• Task brief
Write the listing out again word for word, excluding any pictures.
##### Collected material #####
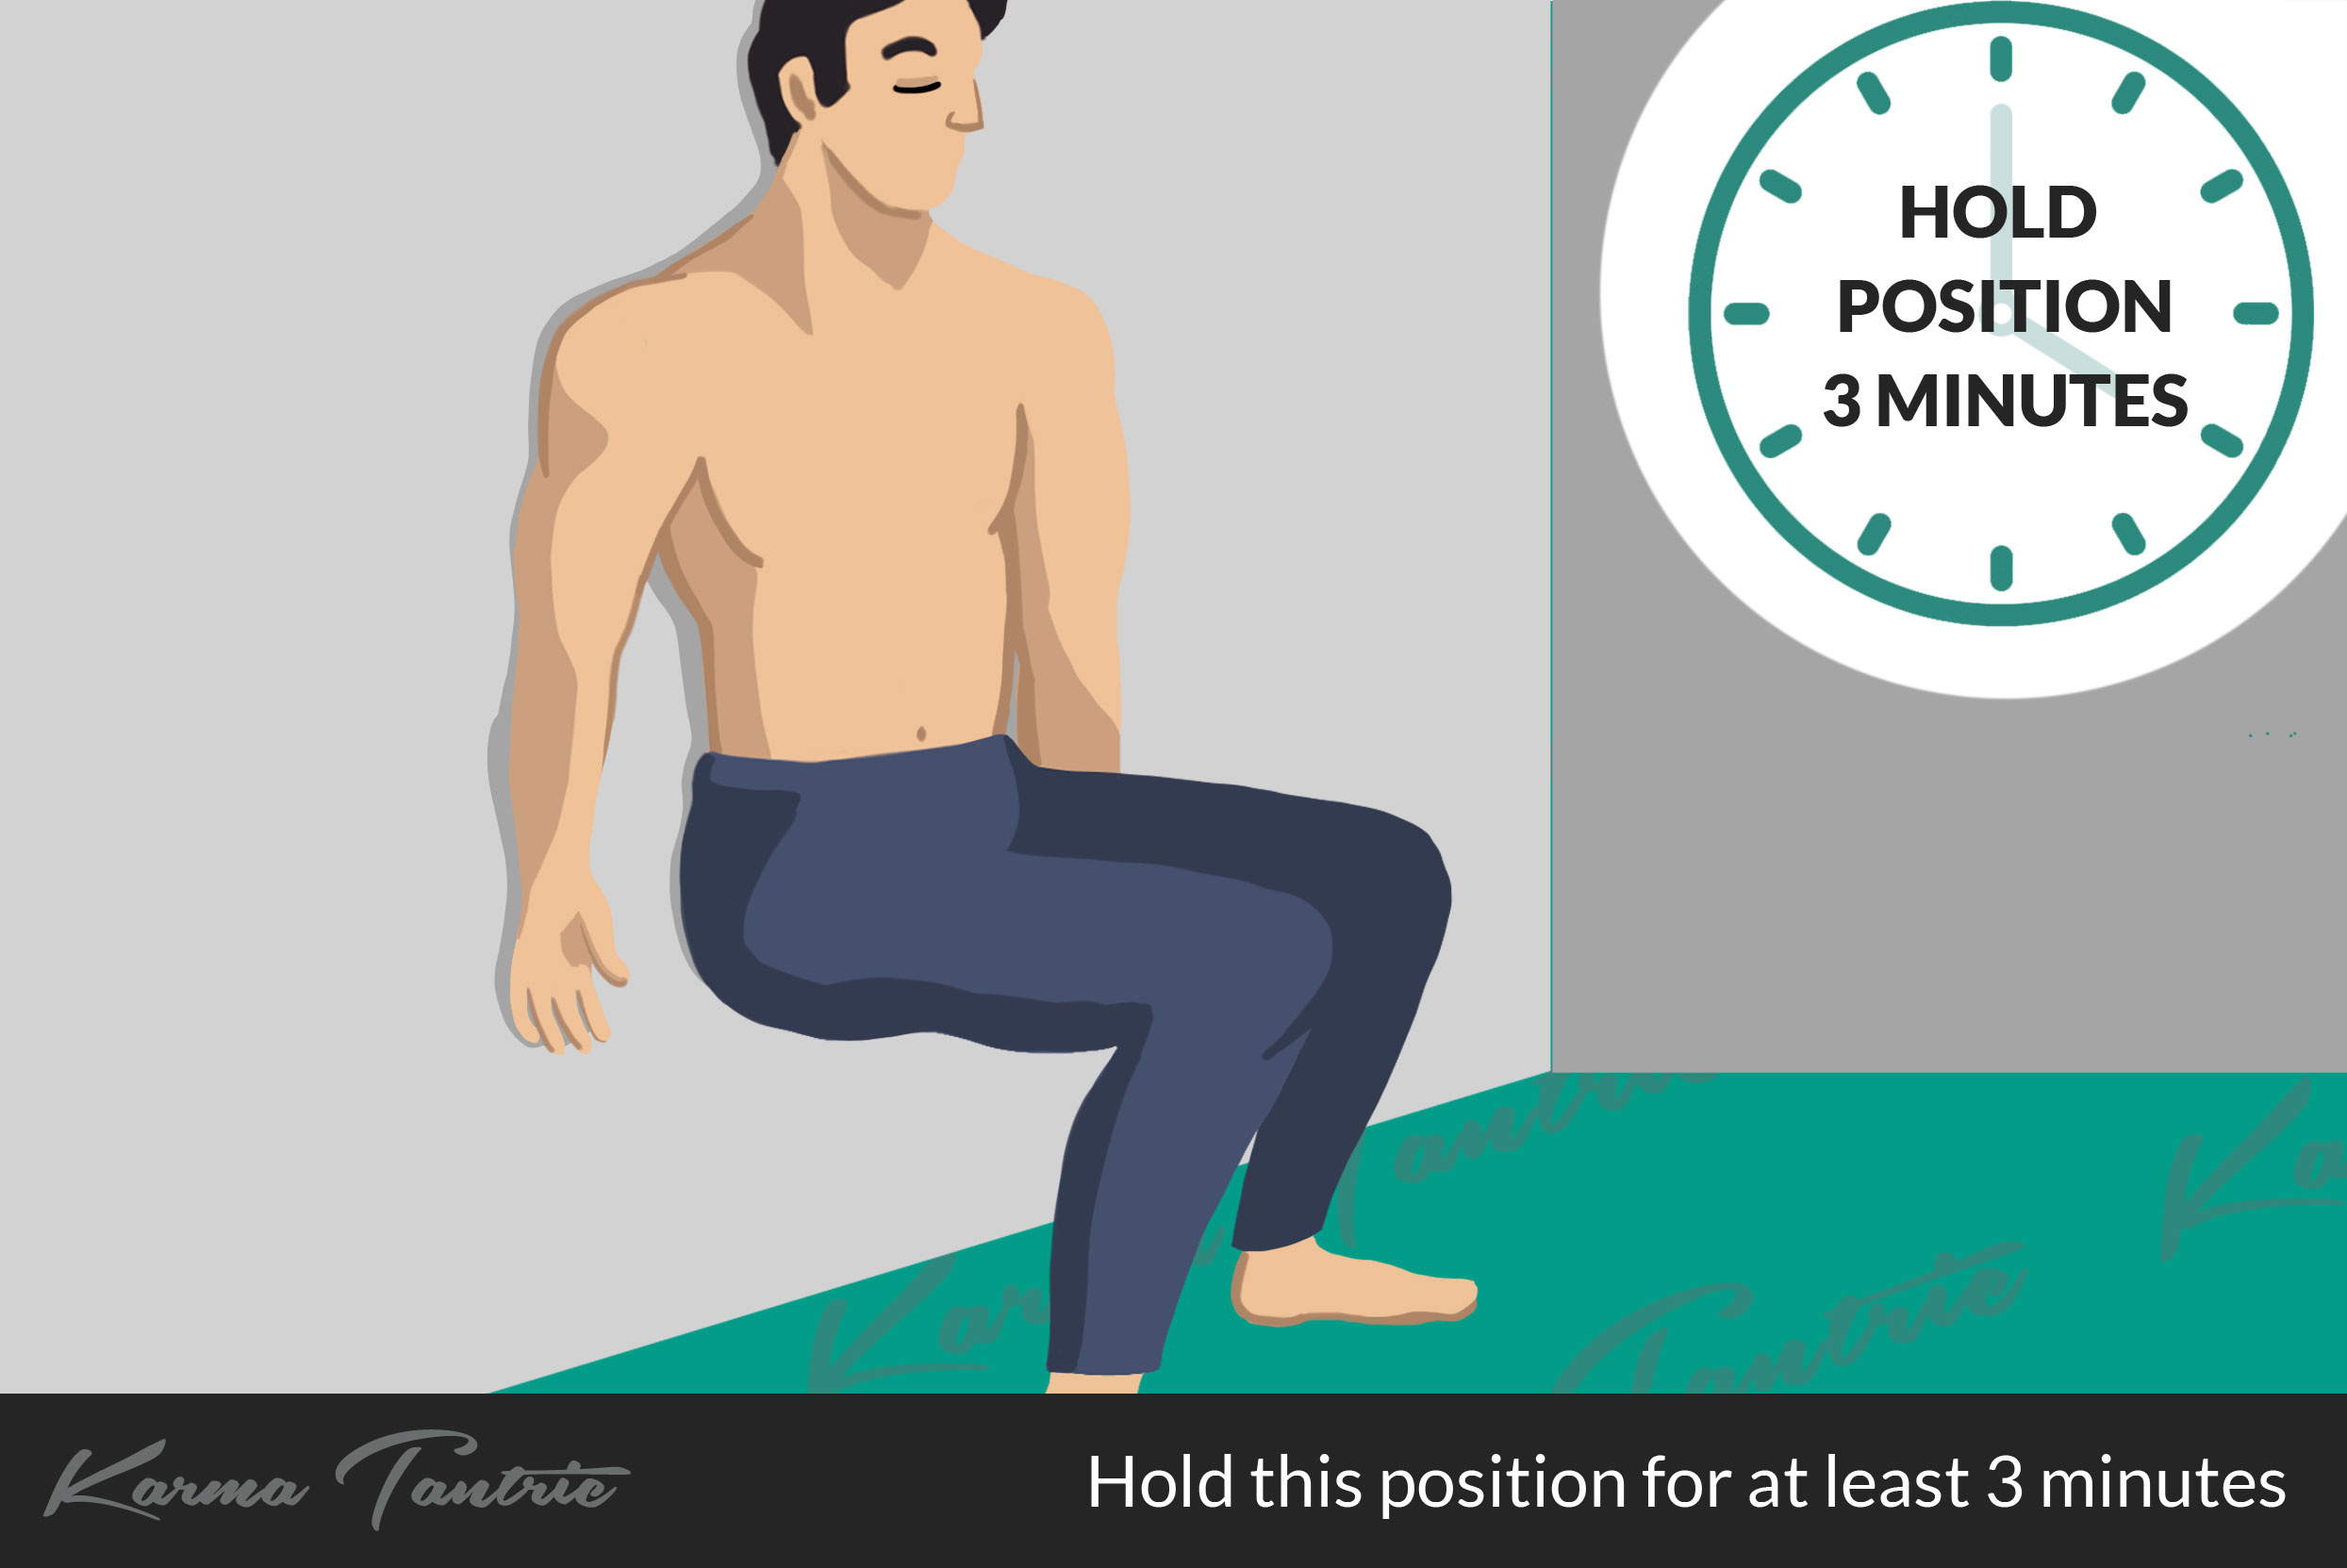 Hold position for 3 minutes
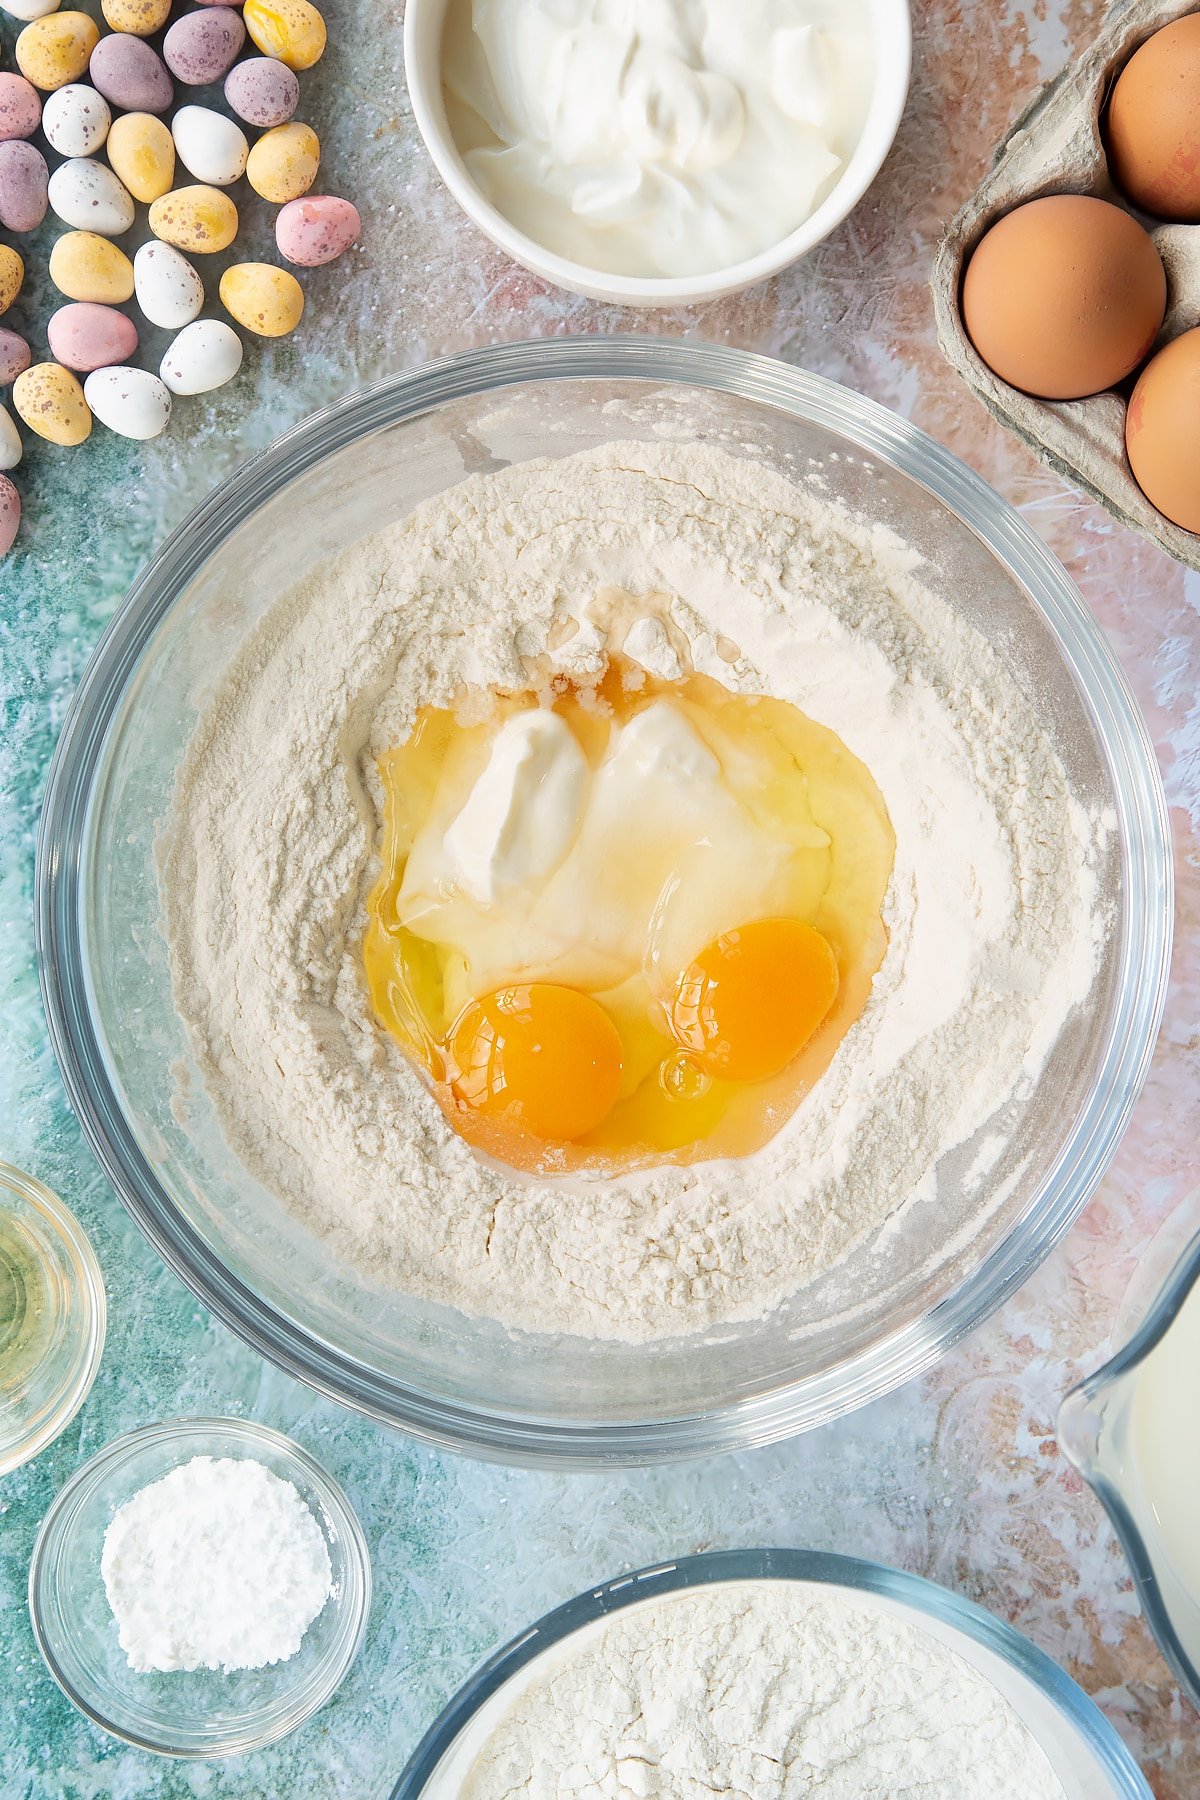 Flour and baking powder in a bowl with a well in the centre filled with creme fraiche and eggs. Ingredients to make Mini Egg pancakes surround the bowl.
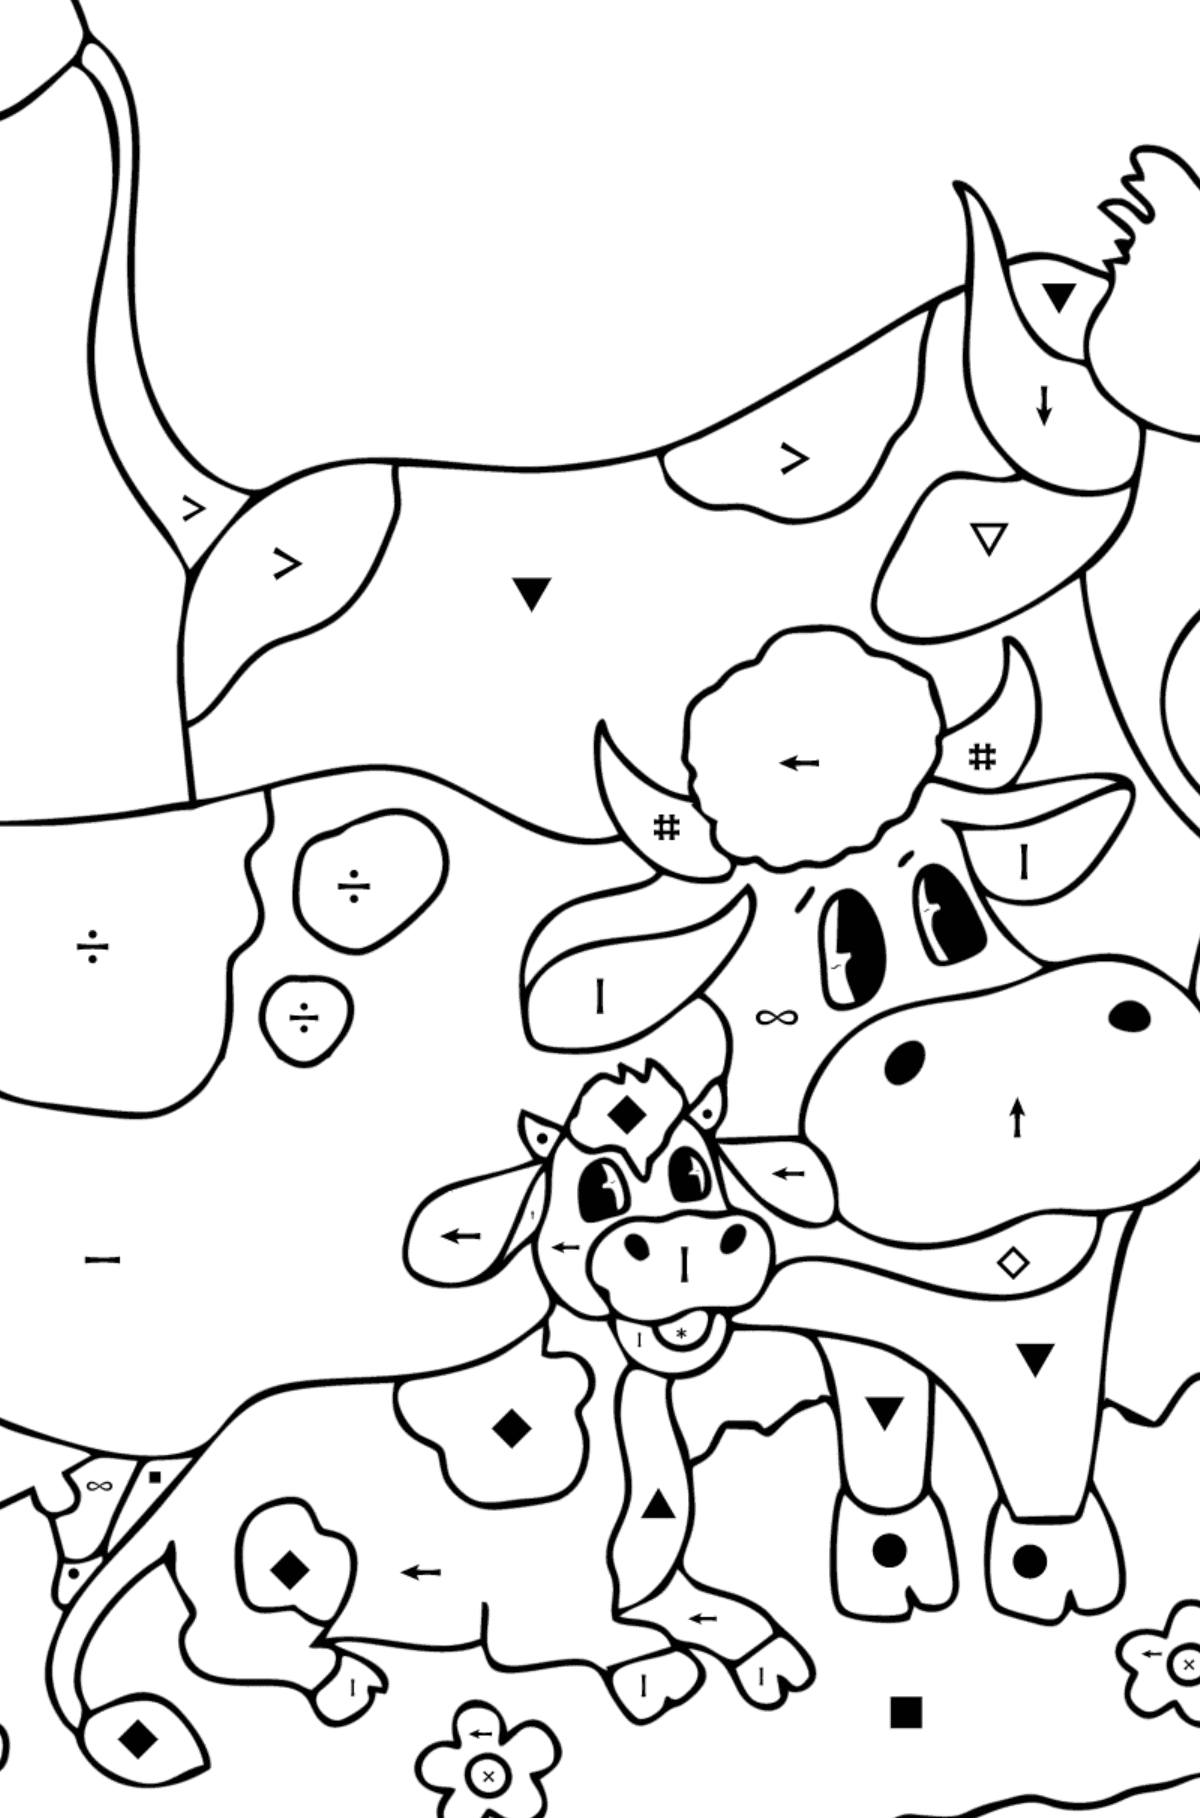 Cow, bull and calf coloring page - Coloring by Symbols for Kids
#####
• Task solution
 Hold position for 3 minutes
 Flour and baking powder in a bowl with a well in the centre filled with creme fraiche and eggs. Ingredients to make Mini Egg pancakes surround the bowl.
 Cow, bull and calf coloring page - Coloring by Symbols for Kids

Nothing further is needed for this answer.